Synopsis: After their now-legendary North American debut on “The Ed Sullivan Show” in 1964, The Beatles transfixed the U.S. and the tremors were felt worldwide, transforming music and pop culture forever with their records and television appearances. The Beatles’ extraordinary musicianship and charisma also made them one of the greatest live bands of all time. In The Beatles: Eight Days a Week – The Touring Years, Oscar®-winning director Ron Howard (A Beautiful Mind, Apollo 13) explores the history of The Beatles through the lens of the group’s concert performances, from their early days playing small clubs in Liverpool and Hamburg to their unprecedented world tours in packed stadiums around the globe from New York to Melbourne to Tokyo. The first feature-length documentary authorized by The Beatles since the band’s breakup in 1970, Eight Days a Week features rare and never-before-seen archival footage of shows and interviews, plus new interviews with Paul McCartney, Ringo Starr and numerous prominent observers. The film captures the exhilaration of The Beatles’ phenomenal rise to fame as well as the toll it eventually took on the band members, prompting them to stop touring altogether in August 1966 and devote their prodigious musical energy to the series of ground-breaking studio recordings for which they are best known today.

Movie Review:

So much has been said about the Beatles and Beatlemania that you wonder ‘what else is there to say’, and indeed, there is nothing groundbreaking to be found here in Ron Howard’s documentary on the Fab Four. Yet by mixing archival footage of concert performances and news footage with new interviews of Paul McCartney and Ringo Starr and previously taped encounters of John Lennon and George Harrison, Howard successfully captures the zeitgeist of that point in the 60s when the Beatles were at their zenith and Beatlemania was all the rage. Oh yes, Howard’s focus (like its title implies) is on the early years between June 1962 and August 1966 – where the band toured 90 cities in 15 different countries and performed 815 times – until the exhaustion led them to abandon the road, concentrate on making music in the studio and the production of perhaps their most acclaimed studio album ‘Sgt. Pepper's Lonely Hearts Club Band’.
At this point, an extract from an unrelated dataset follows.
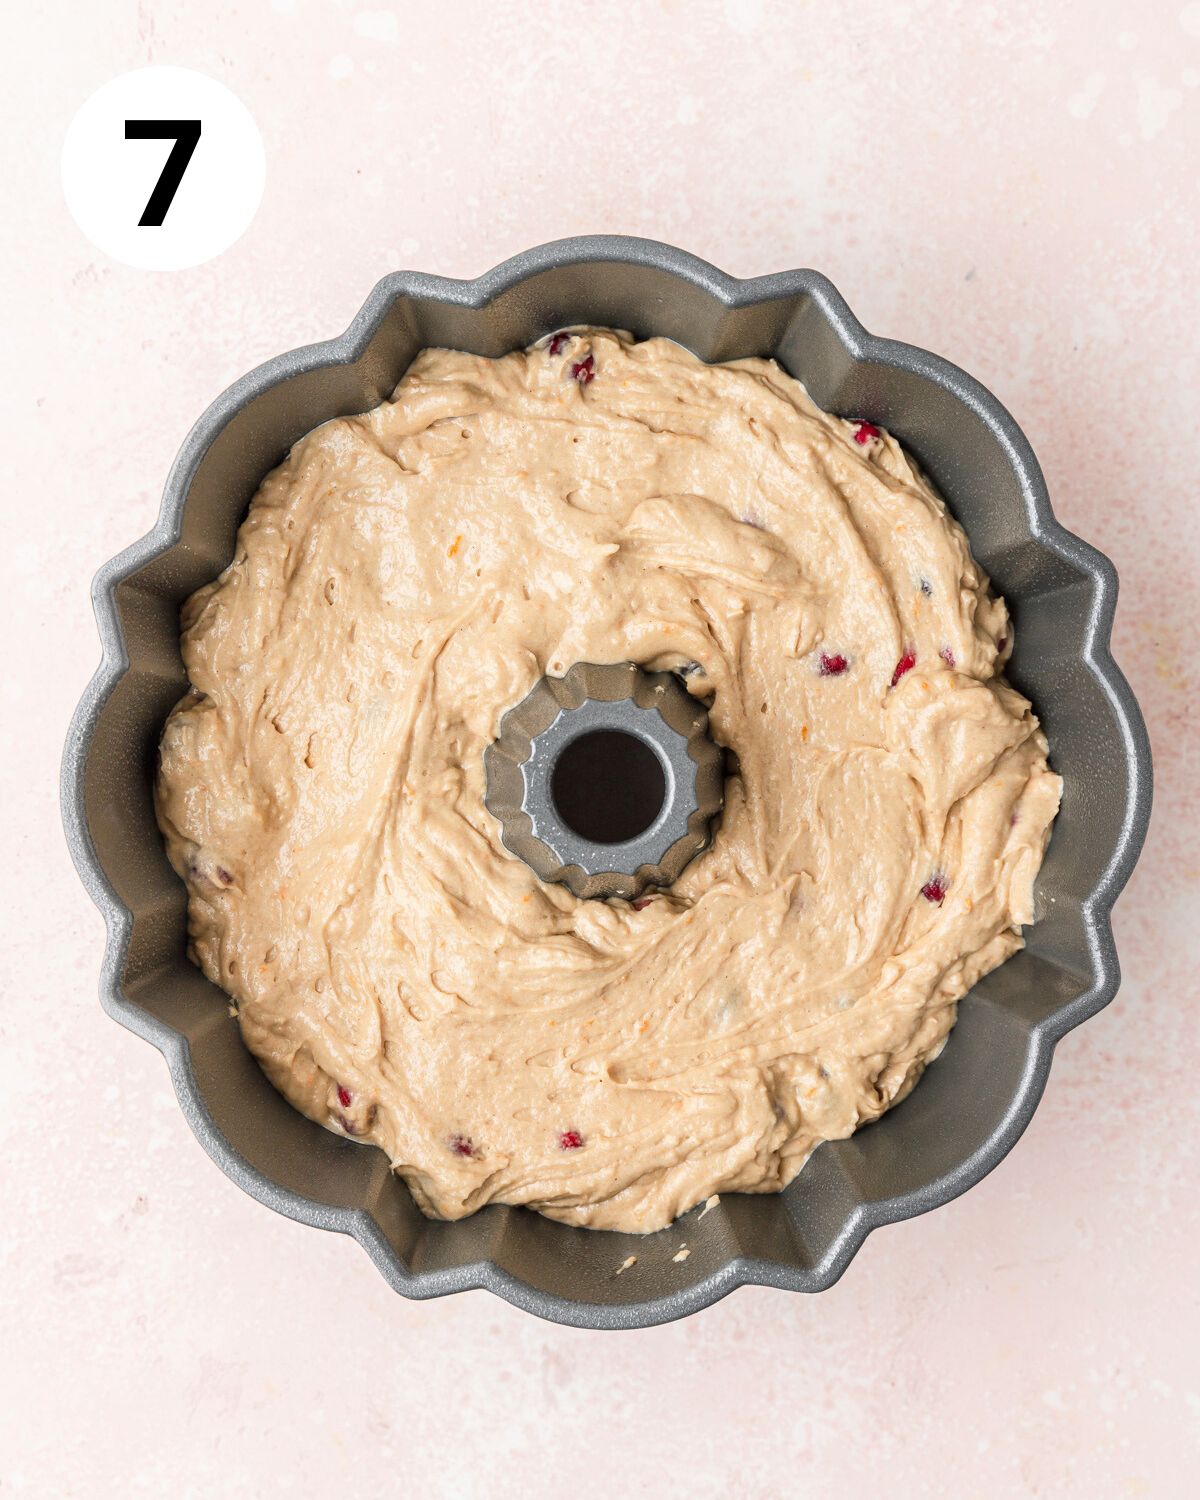 cranberry cake batter in bundt pan before baking.
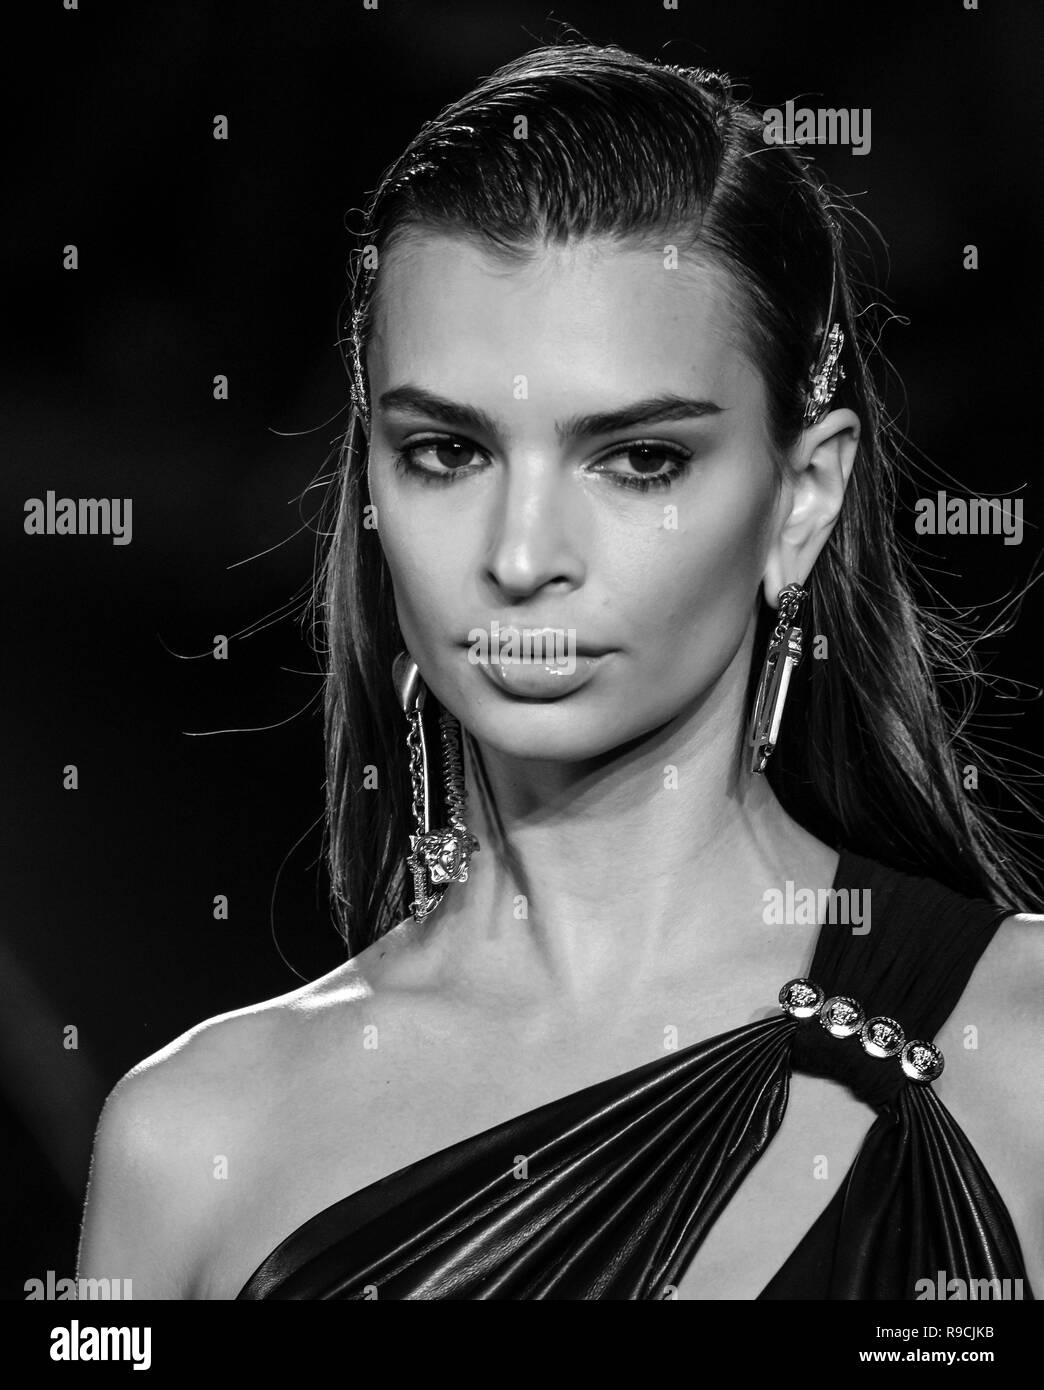 Emily ratajkowski model Black and White Stock Photos & Images - Alamy

For those who had not lived through that period, it will feel like a very different time – and it was. From civil rights demonstrations to President Kennedy’s assassination to the University of Texas sniper, there was plenty of tumult going around in the United States where the bulk of the Beatles’ concerts outside of their native United Kingdom were played. Both through black-and-white images of these events and through an extensive interview with broadcast journalist Larry Kane (who had the honour of accompanying the Beatles on every date of their first two US tours), Howard makes sure that you’ll appreciate that things weren’t simpler then. But for a while at least, it seemed that way for the Beatles, who rode on the rise of international teen culture during the time when the gigantic Post-World War II baby-boom generation was under 20 – after all, which other musician than the Beatles could have gotten away with racial mixing during that incendiary time in the United States?

Following the mantra of McCartney’s remark that ‘by the end, it became quite complicated; but at the beginning, things were really simple’, Howard juxtaposes context with the Beatles’ meteoric and unprecedented rise to fame in the United States –their landing at New York’s John F. Kennedy International Airport, the press conferences, their hysteria-making American television debut on ‘The Ed Sullivan Show’, and last but not least the storied Shea Stadium concert. Howard puts his audience right back into the centre of that cultural revolution which the Beatles were a centrifugal part of, how they suddenly mattered more than anything else happening in popular culture and how that took place on such a global scale. To do so, Howard has assembled notable celebrities such as Whoopi Goldberg, Sigourney Weaver and Elvis Costello to share their own Beatles-related anecdotes, with Goldberg’s story of how her mother surprised her with a Shea Stadium ticket probably the best.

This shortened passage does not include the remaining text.